A common scenario in which a bank offered a line of credit based on a daily cash collateral report created a "peculiar case" which the court acknowledged was a "fiasco." The dispute was caused by mistakes on both sides. The bank sought and obtained summary judgment at the district court level. But the 7th Circuit Court of Appeals, meticulously laying out the complicated situation, sent the case back to the district court, finding issues of fact that precluded summary judgment. (Wells Fargo Business Credit v. Hindman, 7th Circuit Court of Appeals, No. 12-1208, October 30, 2013).
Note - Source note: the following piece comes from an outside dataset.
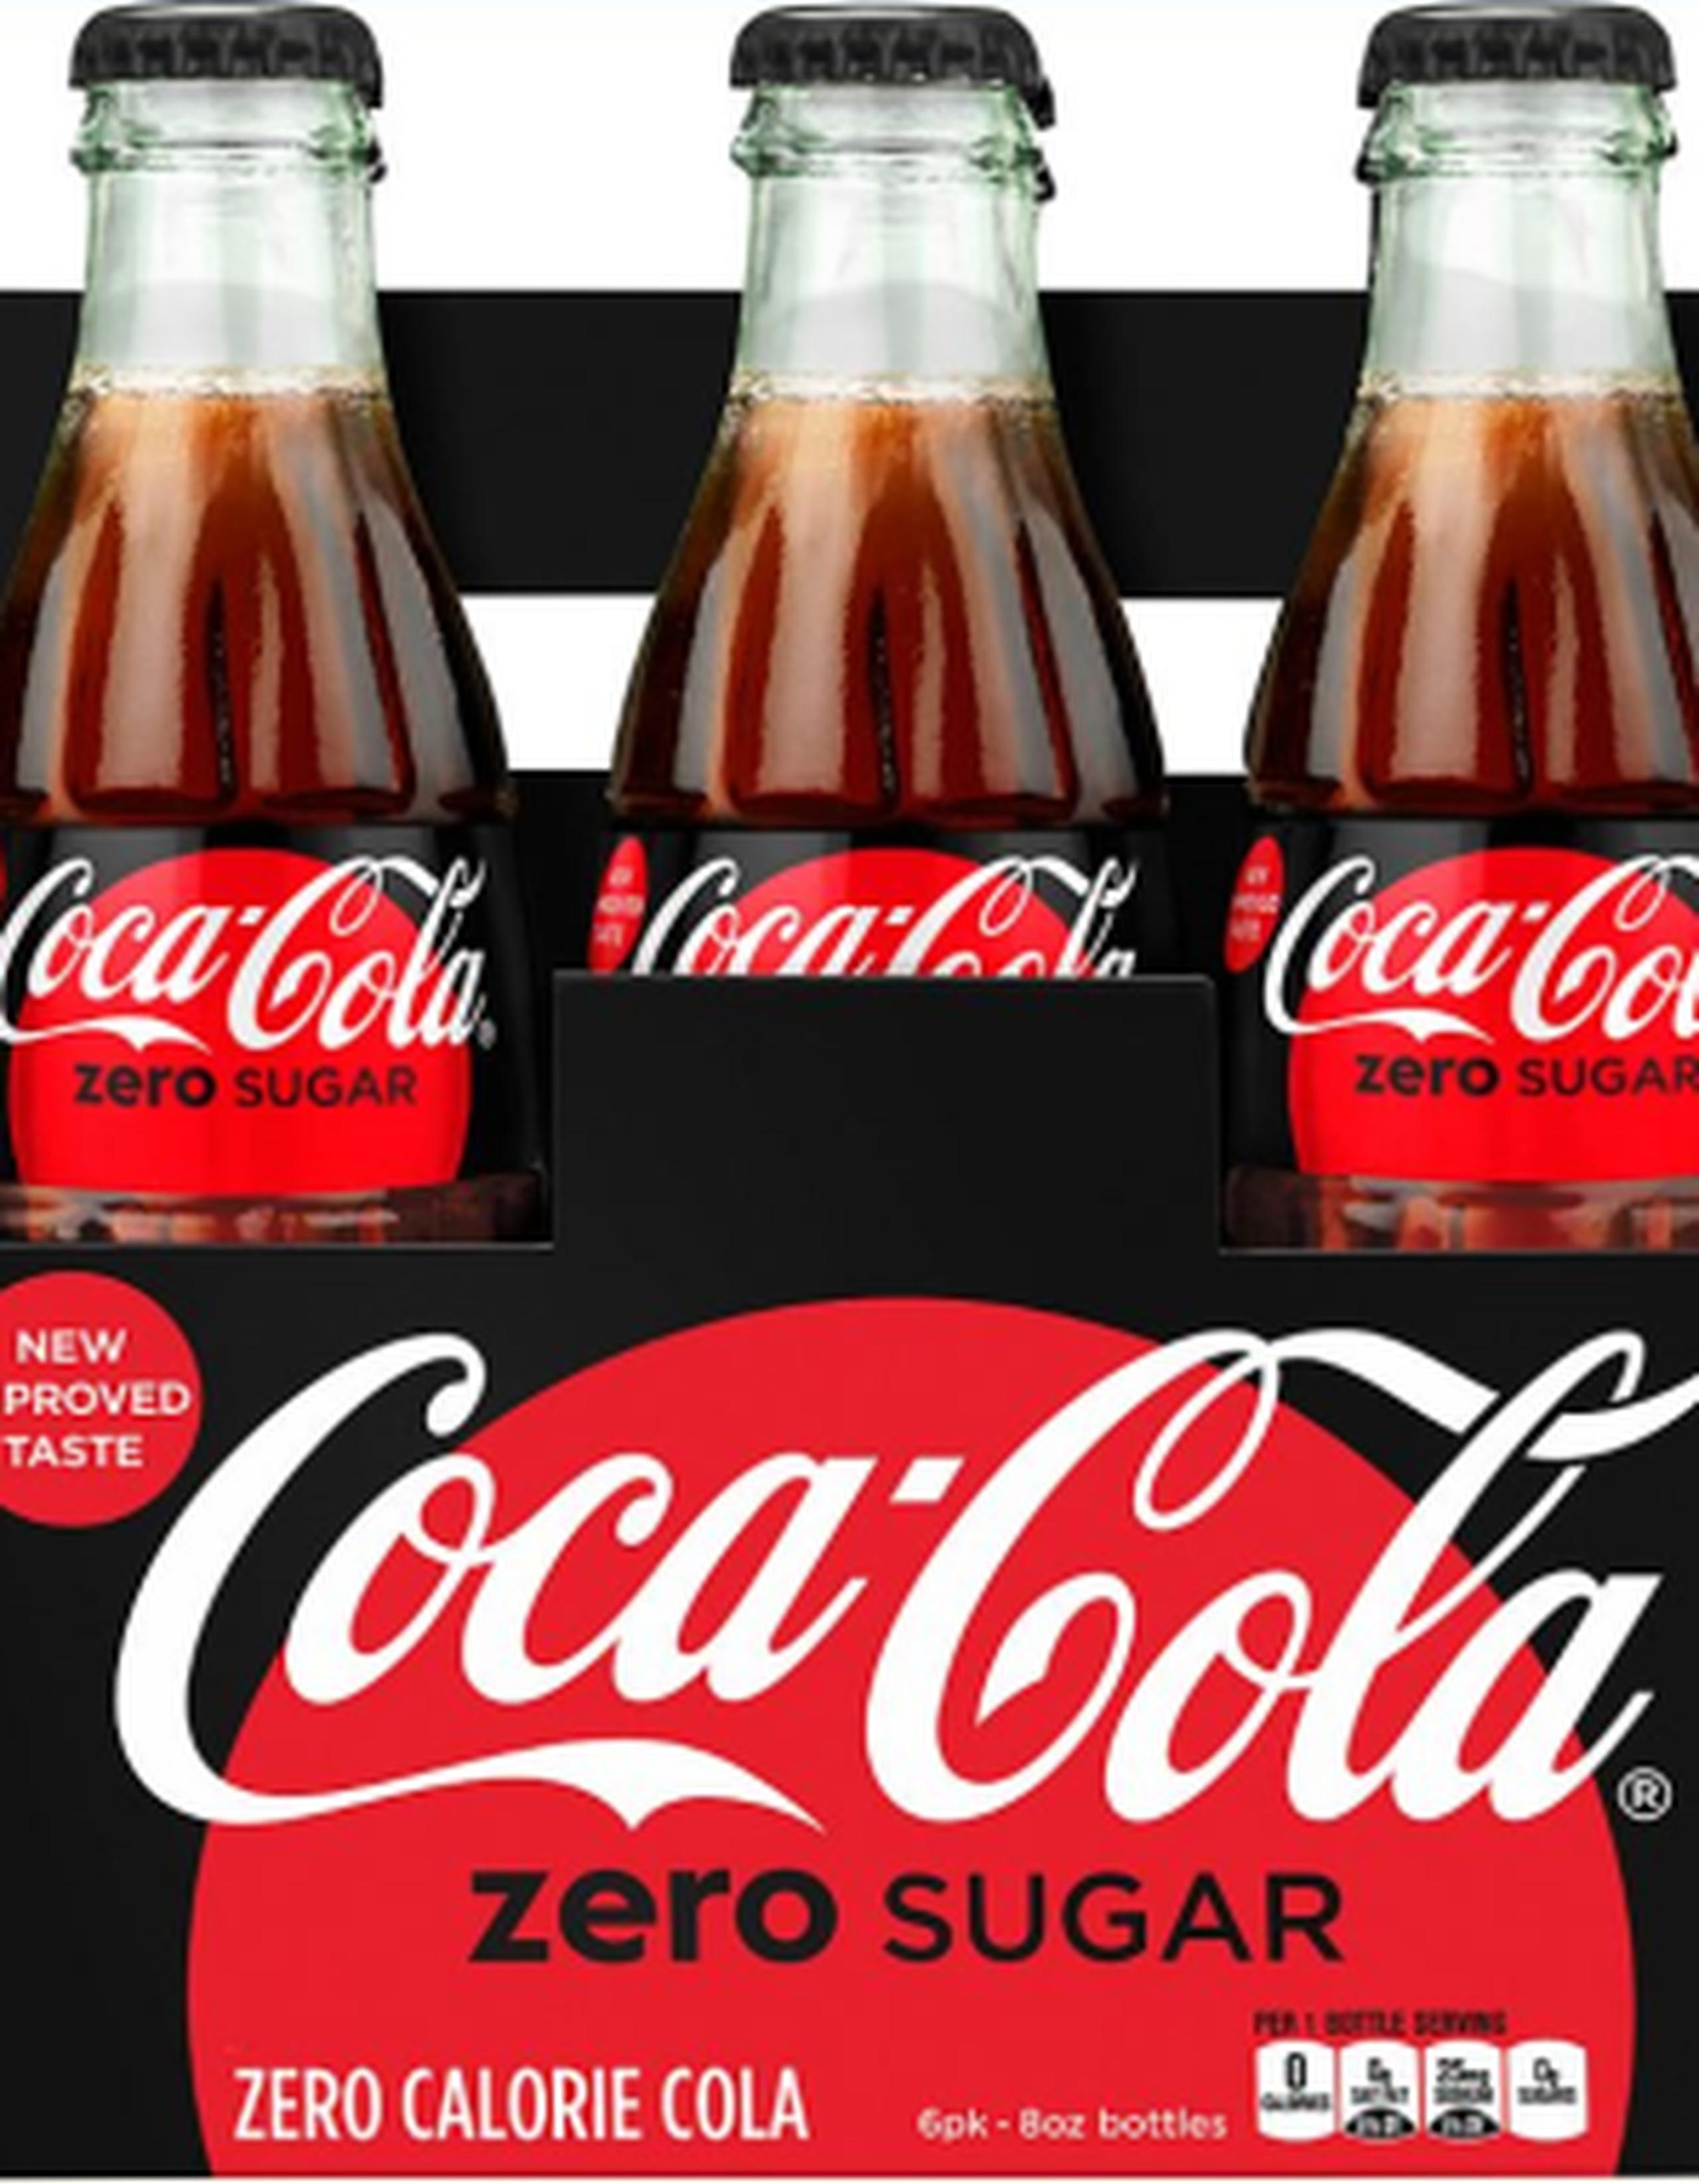 Este tipo de endulzante permitiría a la nueva versión mantener el sabor tradicional de Coca-Cola, pero con menos calorías. (AP)

Wells Fargo Business Credit (WFBC) offered to Clark National, Inc., and its three related companies, a line of credit using inventory and accounts receivable that WFBC closely monitored through a daily collateral report. All incoming cash (including loans) was reported on the daily collateral report and deposited into a cash-collateral account held by WFBC for Clark's benefit. WFBC used the incoming funds to pay down Clark's line of credit, which created available credit on which Clark could take additional advances. So Clark's cash position at any point in time was very important to WFBC's exposure.
As part of the line of credit, WFBC required the owner of Clark, Donald J. Hindman, to subordinate to WFBC. As would be expected, the terms of the subordination were very favorable to WFBC, basically prohibiting Hindman from receiving any payment from Clark without WFBC's prior written consent. Hindman was the owner of Clark, but had retired in 2005, leaving day-to-day management to his son Donald D. Hindman, (who the court referred to as D.D.H. to avoid confusion with his father, Donald J. Hindman).
Then it got interesting. In late 2009, Clark needed additional capital. Hindman, although retired, was still the deep pocket for Clark. So Hindman asked Tom Bassett, a Vice President of Wells Fargo Bank (not Wells Fargo Business Credit) to sell some of Hindman's stock investments to provide $1 million in working capital to Clark. The "fiasco" referenced by the court followed, as shown by the timeline below.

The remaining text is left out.